2 of 2 people found the following review helpful:
3.0 out of 5 stars
In Search of the Nipe, May 23, 2006
_Anything You Can Do_ was serialized in _Analog_ in 1962 under the pseudonym "Darrell T. Langart" and was published by Doubleday in 1963. A paperback edition was issued in 1969, using Randall Garrett's name for the first time. The novel weaves three subplots together: the psychology of a deadly but knowledgeable alien who has crash landed on Earth, a government project intended to manufacture a superman, and the relationship between a pair of twins. I remember that the serial left me with the feeling that the relationship between the twins was overly sketchy and vague. The book version adds a number of scenes and expositional passages that makes the relationship clearer and which ties it to the other two subplots more effectively.

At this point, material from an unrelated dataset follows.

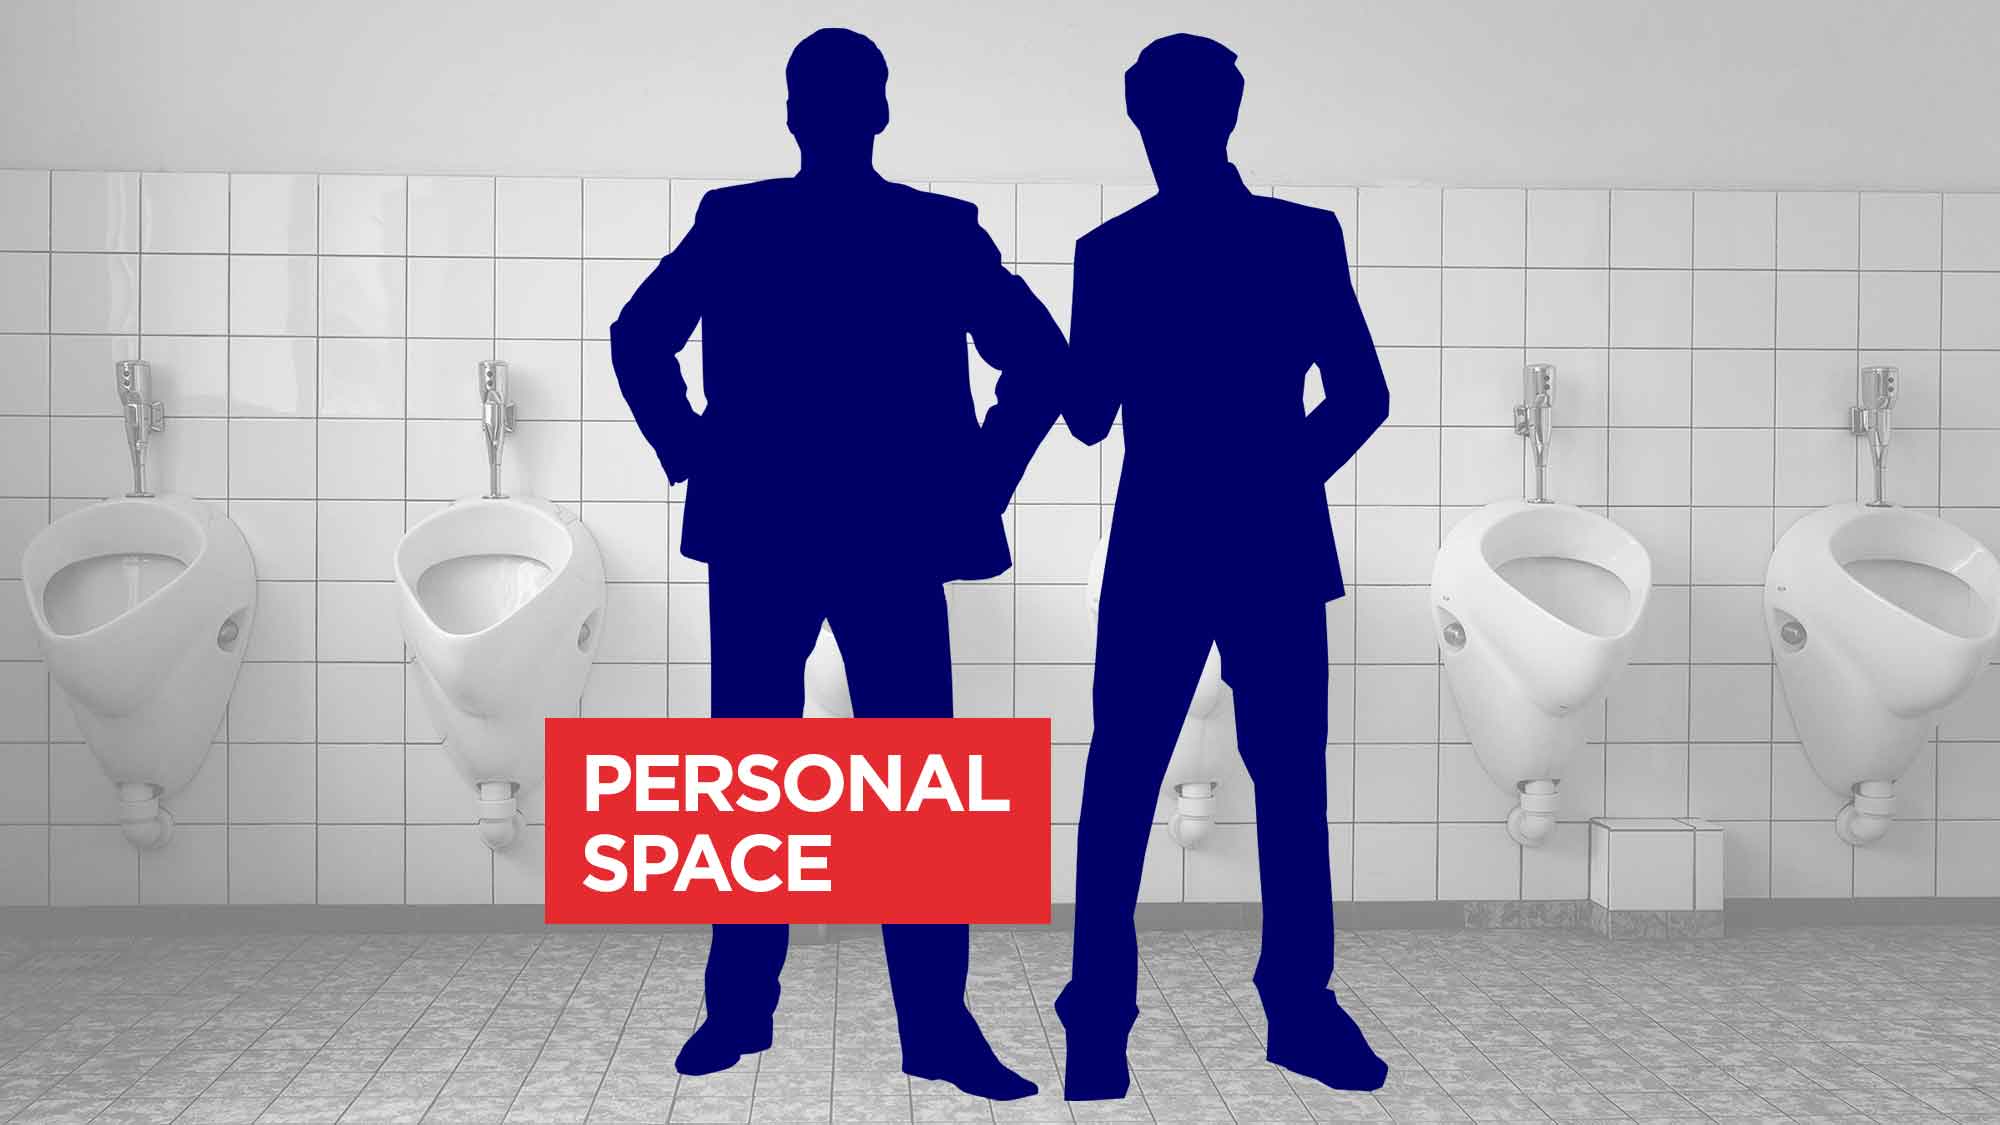 Urinal Etiquette Quiz - Urinal Spacing - Spacing Between Urinals

Yet even in book form, this relationship is not completely satisfying. The problem is that we are told by others what the relationship is, but we never actually see it dramatized until the last scene of the novel.
Another weakness of the novel, as Avram Davidson noted back in 1963, is the setting. Garrett tries to give us a sense that the Earth is not the same as ours. The Siberian tundra is now a preserve for Martian pulp trees, New York has been wiped out and has been replaced with Government City and a game preserve, and inertialess cars have made ships and bridges obsolete. But these details are sketchy. We are never given the sights and sounds of the new world. Government City is at one point described as having the same burroughs as New York. We don't really _feel_ as though we are in a futuristic world.
Yet the novel has a number of strengths. One is Garrett's portrait of the Nipe, the alien who has great technological knowledge and near-perfect memory but whose behavior is superstitious and highly ritualistic. Another strength is the plot. By shifting from one subplot to another, Garrett manages to throw the reader a bit off-balance. He frequently does something unexpected. The action sequences are well handled, and the dialogue is crisp and snappy. The novel moves like a well-edited movie. If it is not a major piece of writing, it is a good piece of entertainment.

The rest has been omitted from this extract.